Kelly's villans
When the decision to dump Rattlebag and Mystery Train from the RTE Radio 1 schedule was taken, accusations of dumbing down were rife. So is there scope for arts and music programmes with a bit of depth in Montrose? John Kelly insists that there should be.
Peter Murphy, 16 Oct 2006

“But the sense I got from the letters I received, and what people said and continue to say to me, was an impotent rage against the powers-that-be these days. There’s a conflict between the sorts of things that prosper and are promoted and get pushed, and the sorts of things that are given less and less wriggle room. And the people who value certain things feel that they’re being dismissed as a bunch of freaks. I’m not talking about letters from people who are mime artists or run theatre companies or are a lobby group who see Rattlebag as a shop window or my programme as a place to get their record played when nobody else will play it. These are letters from regular people.”
Kelly strongly refutes any notion that Mystery Train catered exclusively to an elitist audience comprised of esoteric musicologists.
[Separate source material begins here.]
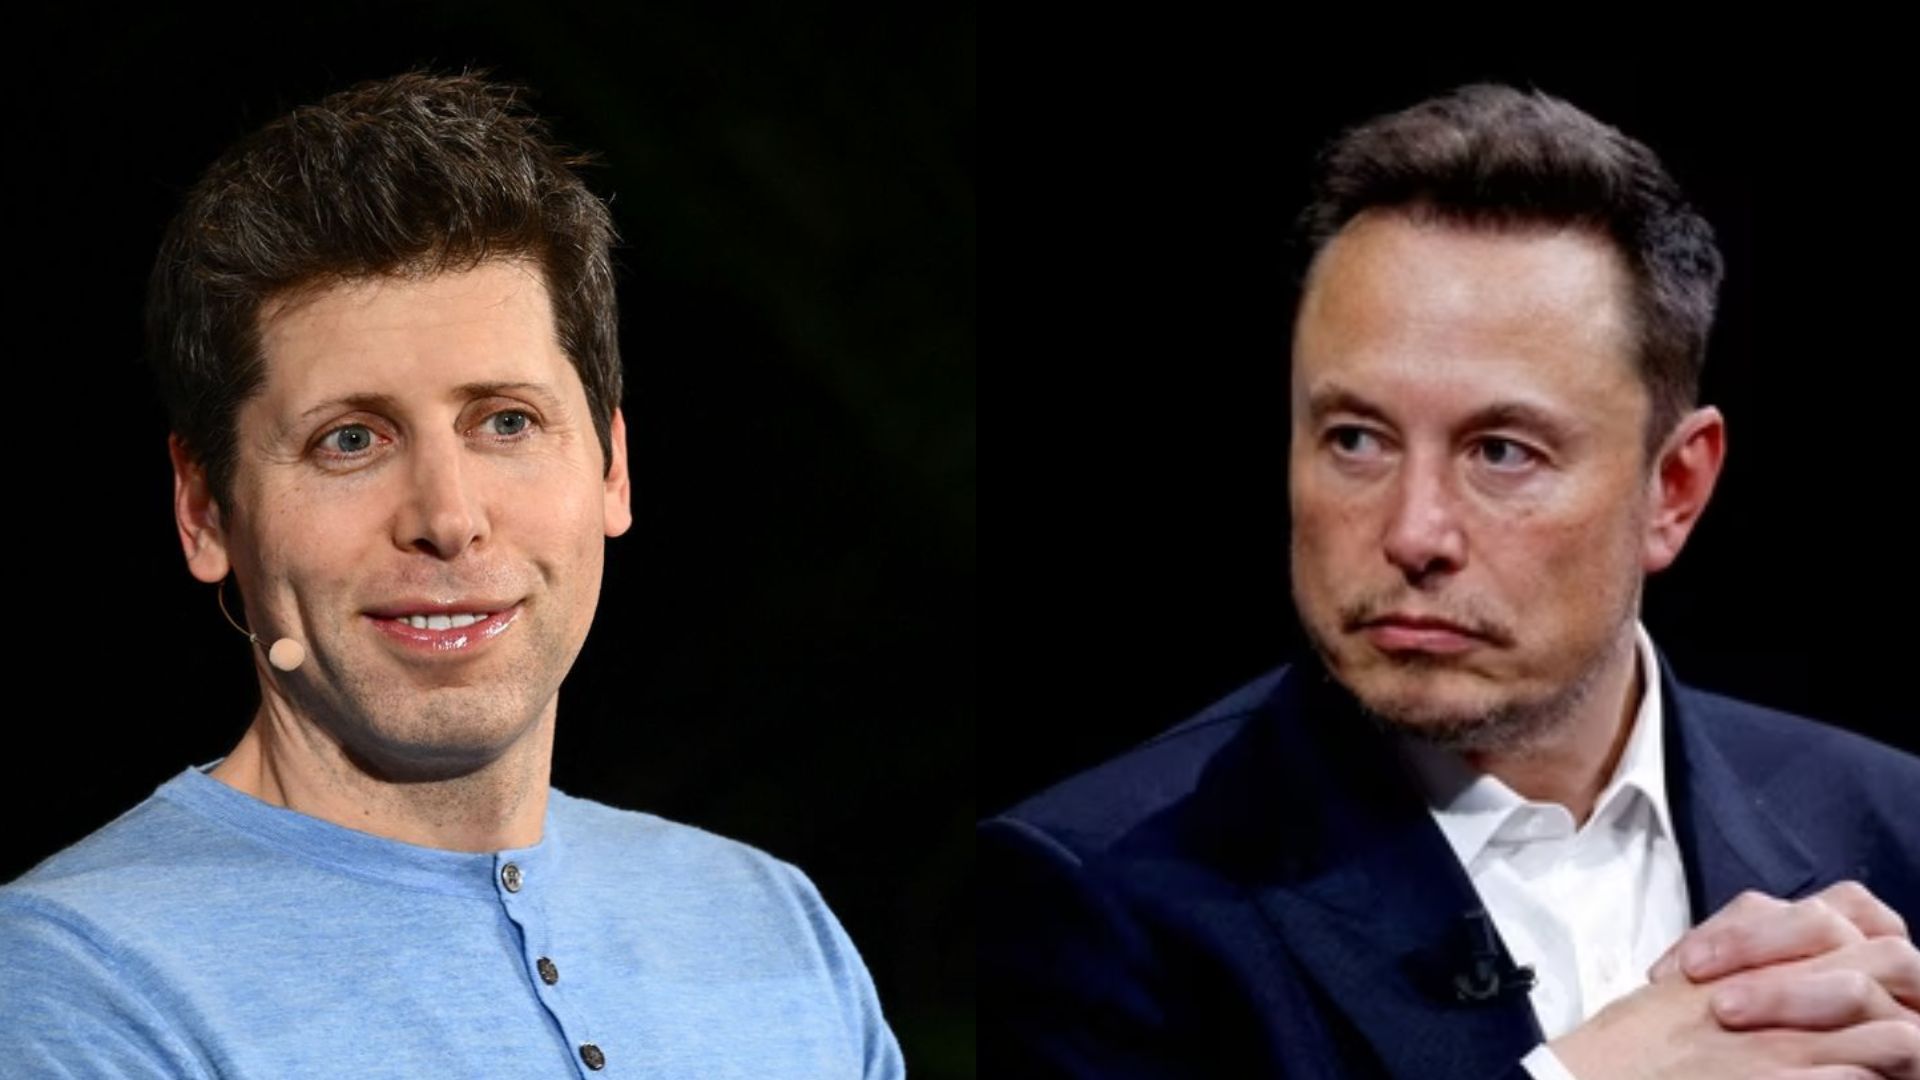 Elon Musk sues OpenAI, alleging breach of contract and putting profits over humanity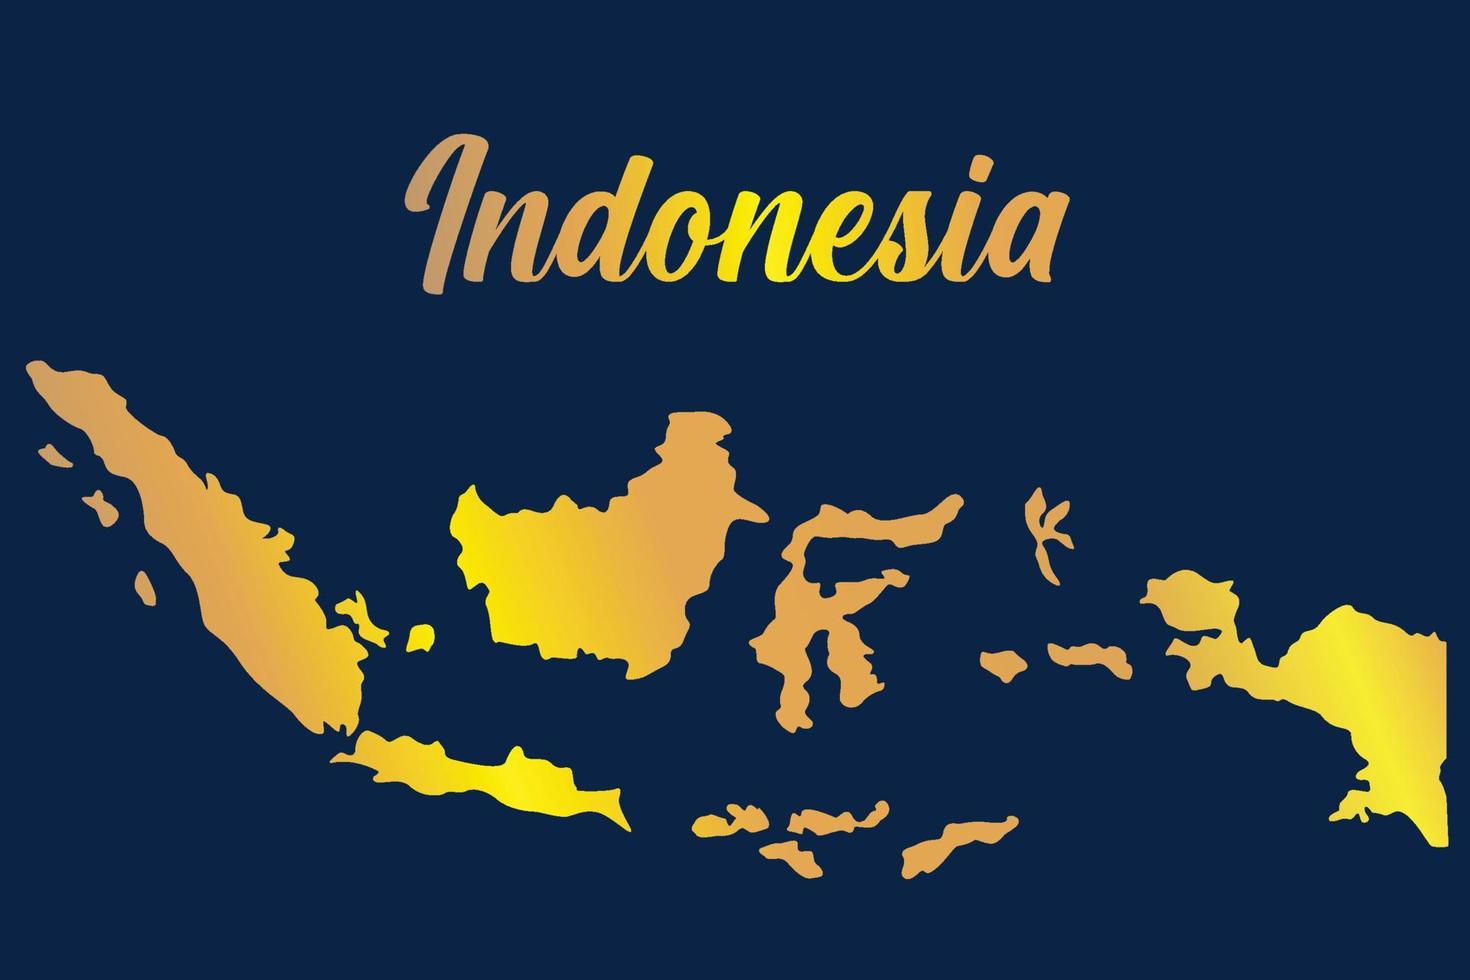 Indonesia map background with golden color vector

“I’ve been playing pop music from when pop music began,” he says, “but the broader you get, the more you’re treated as if you’re doing something incredibly narrow. I could do a programme which might typically have Kylie Minogue, Miles Davis, The Sex Pistols, Johnny Cash, Mahler and music from Ethiopia, and somehow it’s viewed as narrow, whereas if you went on and played half an hour of country ‘n’ Irish music, that’s fine. The people that didn’t like the Mystery Train, either in or out of RTE, would say, ‘Oh yeah, he plays Chinese music,’ and that’d be it. Music from every genre dismissed in one sentence, in a kind of lazy, insular, xenophobic way. If you see music now in terms of television, it’s presented to young people as a talent competition. And it’s about the music business. The real stars of the programme are the judges and it seems to be getting more appalling. I just wonder what it promotes, what it does to talented young people. They must think, ‘There’s nowhere for me to go. I’m not like that. I’m not an extrovert. I don’t talk this American psychobabble about, ‘If you wanna make it you just do it.’